**Data below:**
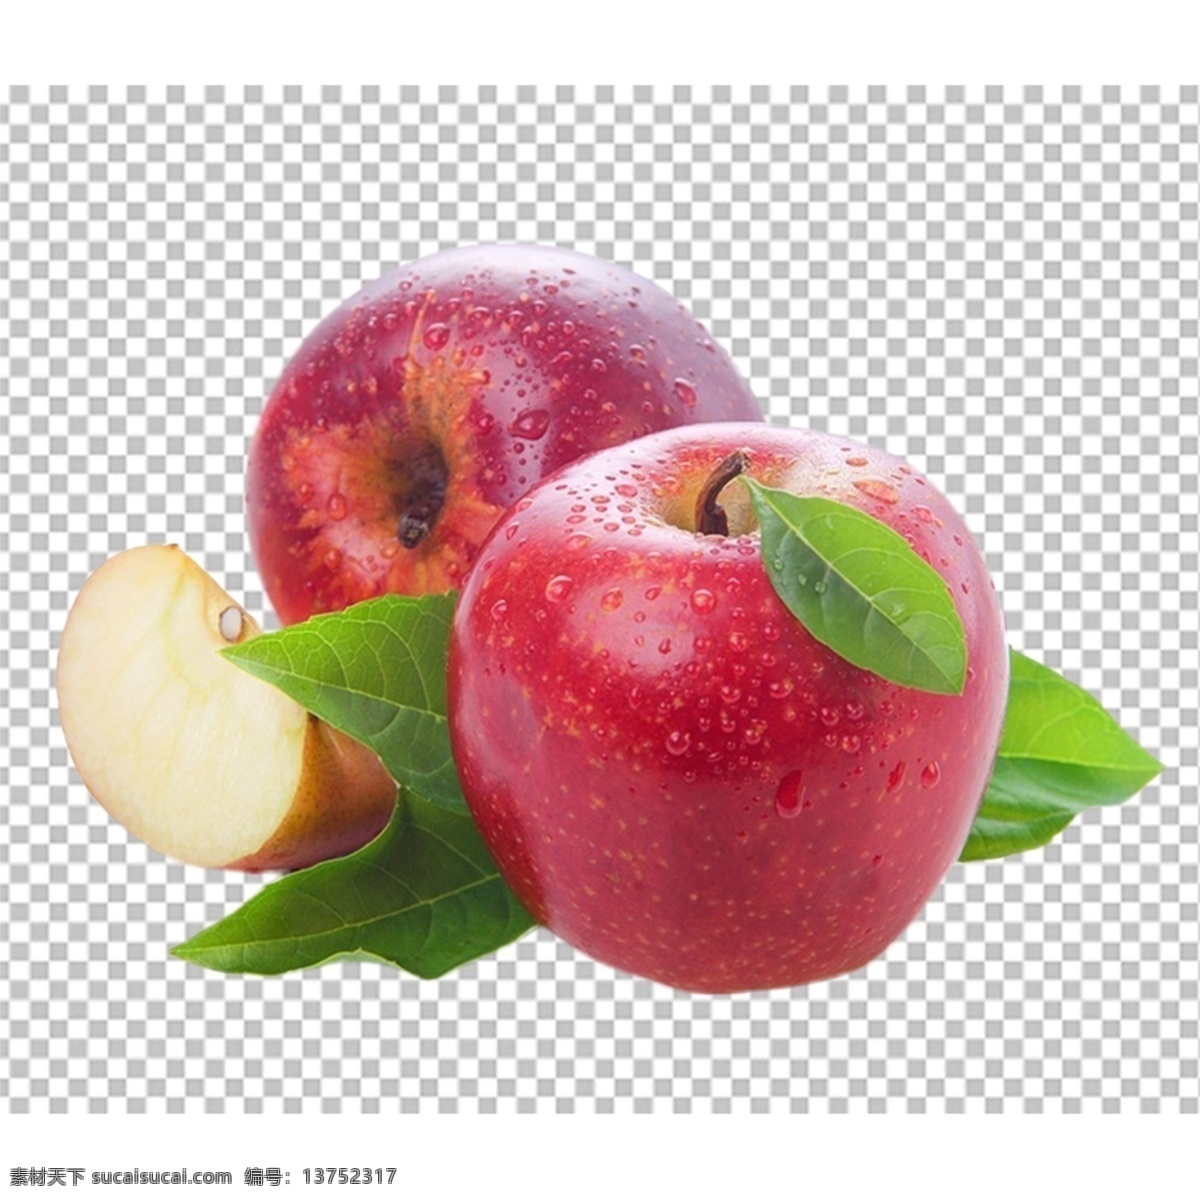 苹果图片 苹果 红苹果 水果特写 水果写真 透明底水果 免抠图 水果 分层图 通道 分层 新鲜 特写 透明背景 透明底 抠图 png图 生物世界 水果透明底
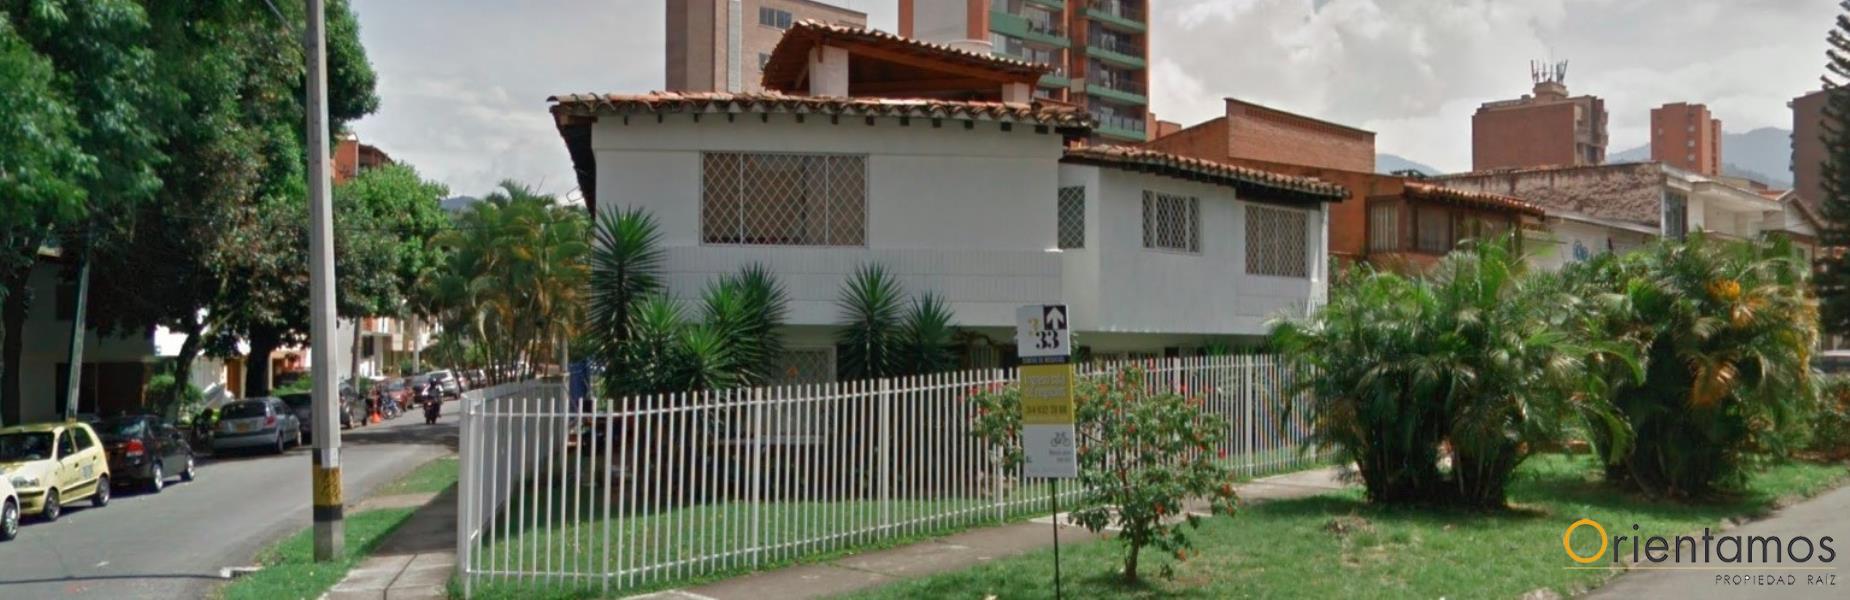 Casa para el arriendo en Medellin - Laureles el codigo es 14936 foto numero 5
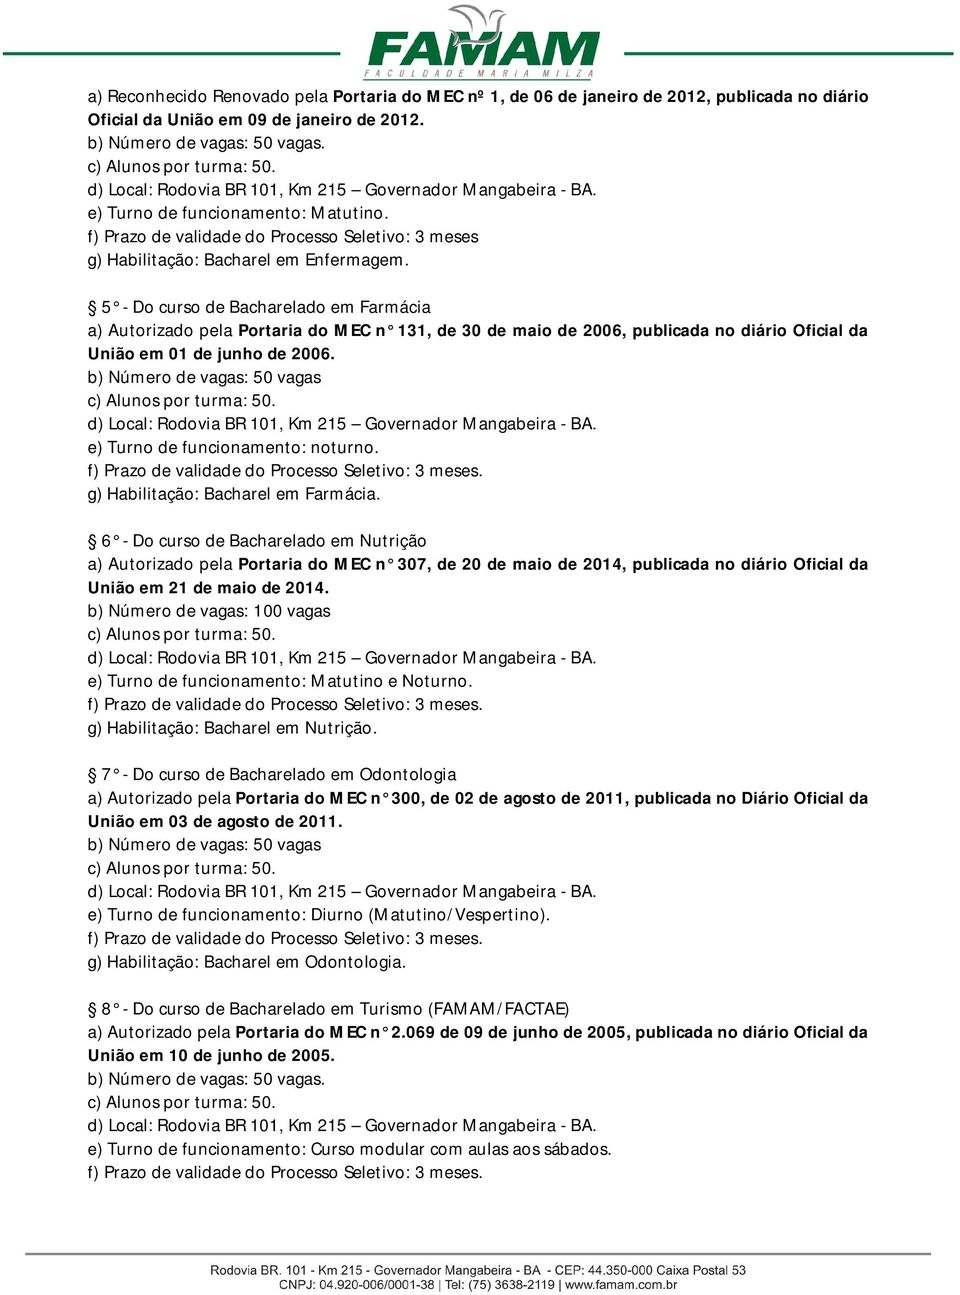 5 - Do curso de Bacharelado em Farmácia a) Autorizado pela Portaria do MEC n 131, de 30 de maio de 2006, publicada no diário Oficial da União em 01 de junho de 2006.
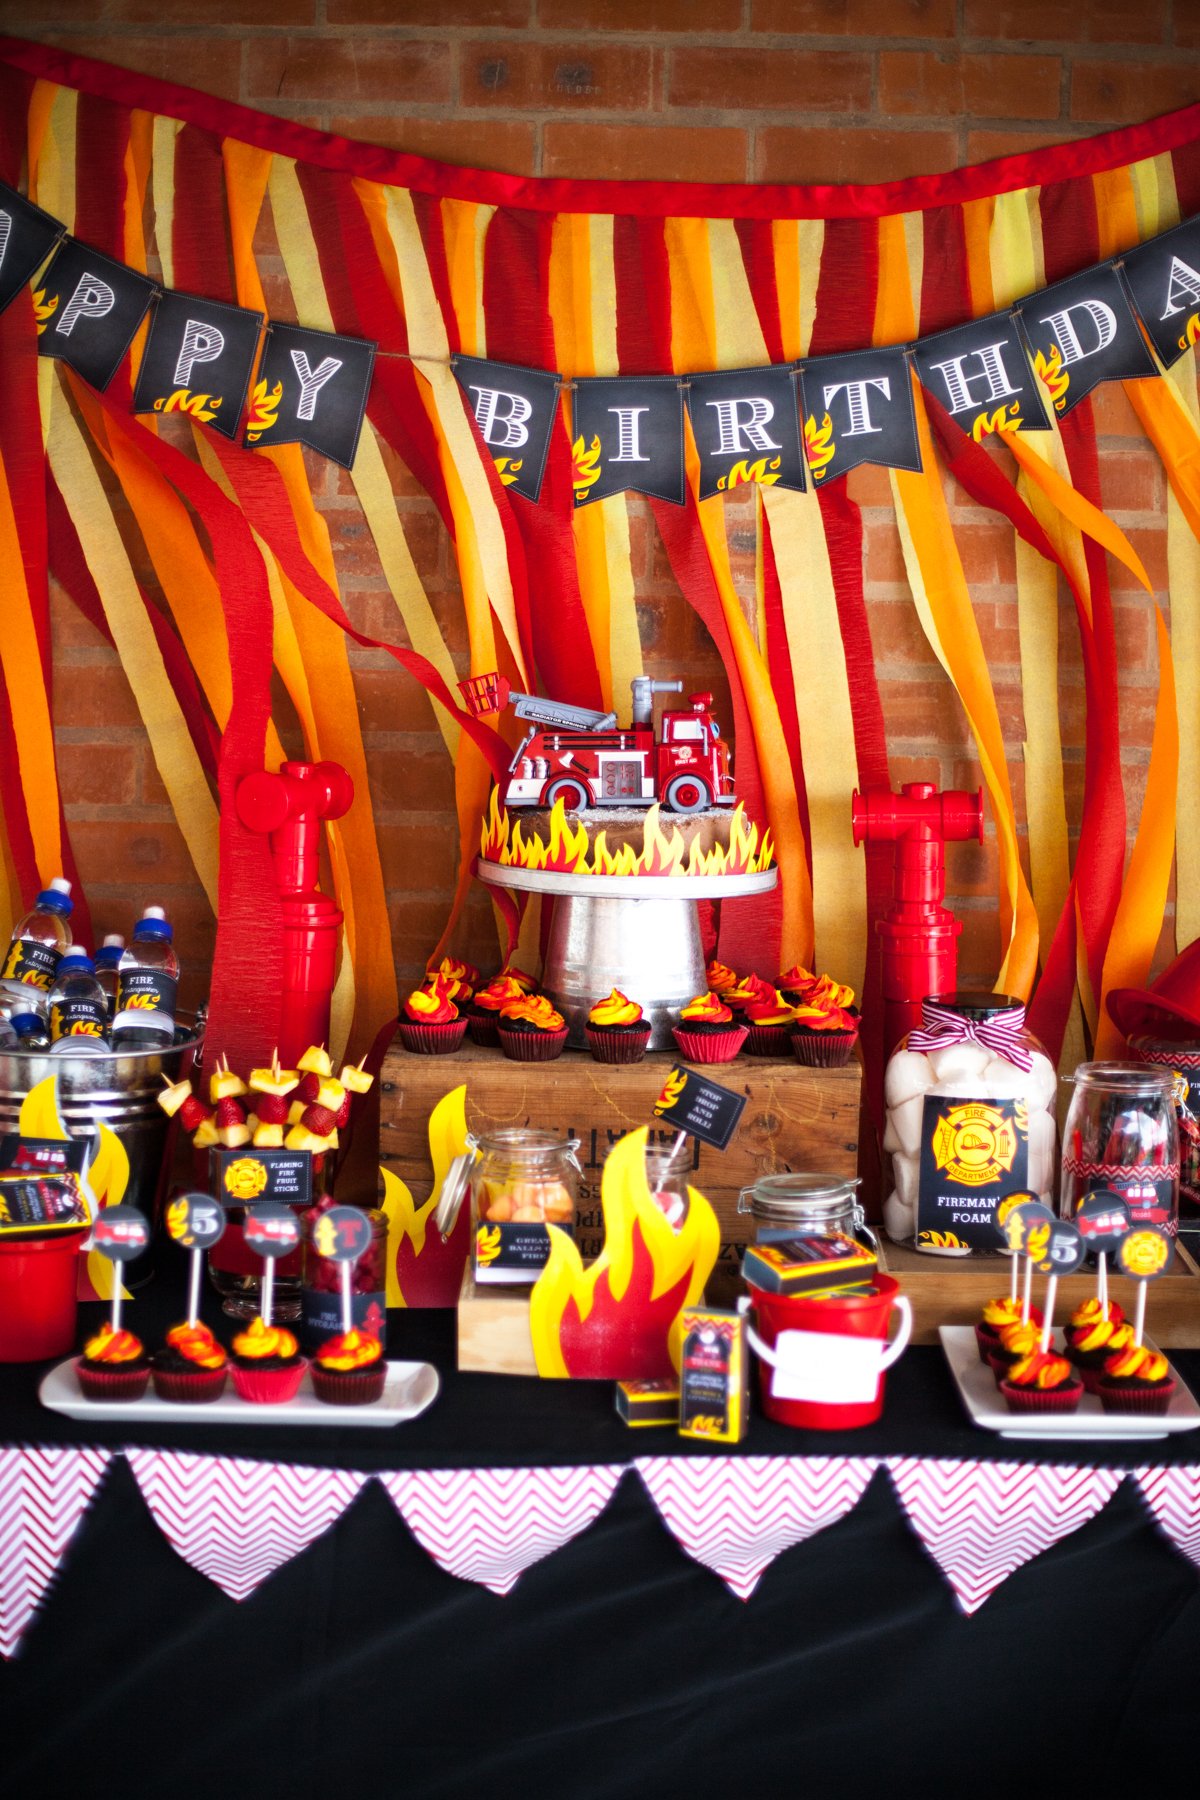 День рождения в стиле игр. Кенди бар Пиратская вечеринка. Украшения для вечеринки день рождения. Др в стиле пожарного. Вечеринка в стиле пожарных.

**Activity:** Repeat the listing above up to and including the line with "Casa para el", starting from its first line. Drop any pictures.

**Answer area:**
 苹果图片 苹果 红苹果 水果特写 水果写真 透明底水果 免抠图 水果 分层图 通道 分层 新鲜 特写 透明背景 透明底 抠图 png图 生物世界 水果透明底
 Casa para el arriendo en Medellin - Laureles el codigo es 14936 foto numero 5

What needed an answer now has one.